The logical adjacency maps of these last spaces are conjectural. Many of them are described as being outside the core community, meaning that they are not a part of its spatial continuum (6). These spaces include the unlinked private constructions of the citizens and often unrestricted, experimental areas where the pretense of physicality is suspended. Nonetheless, these free-floating spaces may be linked episodically by their own spatial matrix. Once the user teleports into a private space, for instance, he may often move about episodically between his own rooms. (7)
The eight-pointed star of Alphaworld
The effect of different kinds of motion may also be observed in graphic domains and Worlds. Alphaworld presents a striking example of how an online community is shaped by its users' movements. Unlike its text-based cousins, a graphic domain like Alphaworld employs dynamic motion through the animation of its avatars. There is no need for the incremental, directional movement found in text-MUDs since the spatial matrix is obvious and avatars move freely about it.

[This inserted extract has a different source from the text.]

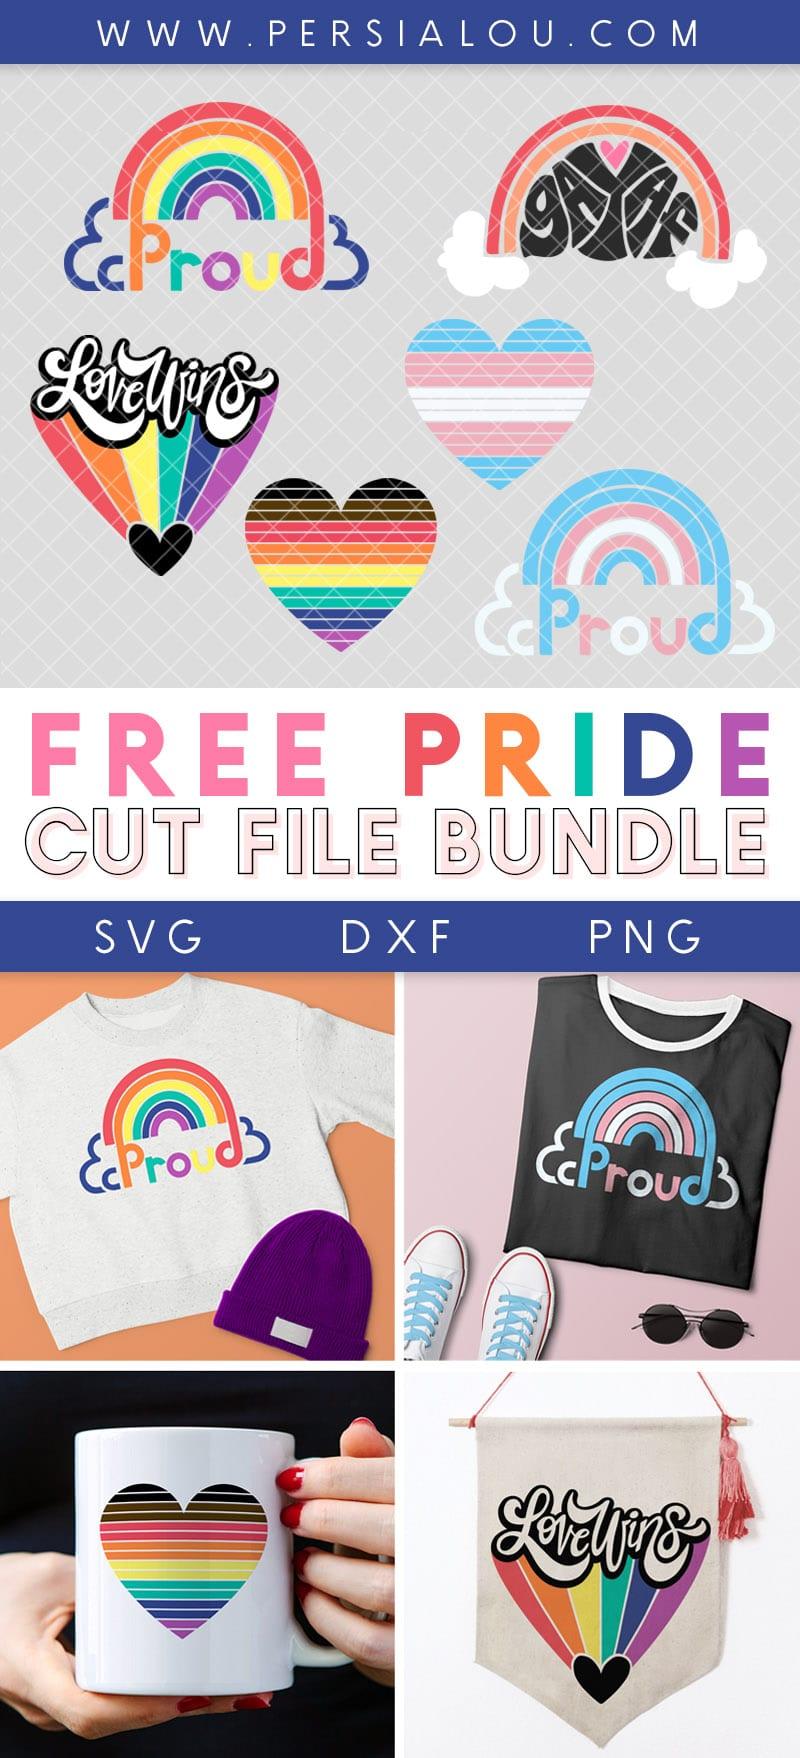 free lgbtqai+ svg cut file designs collage of pride cut file designs

Despite its graphic three-dimensional presentation, Alphaworld shares many features with text-domains. It, too, has a point of entry near the origin of the spatial matrix. Dynamic motion prevails within a convenient walking radius from the entry. Construction is dense within this radius and it is apparent that the community grew radially over time. (fig. 5) An orthogonal grid of streets defines the layout, though their dense mesh loosens as one moves toward its perimeter. Green space and larger city blocks appear toward this edge.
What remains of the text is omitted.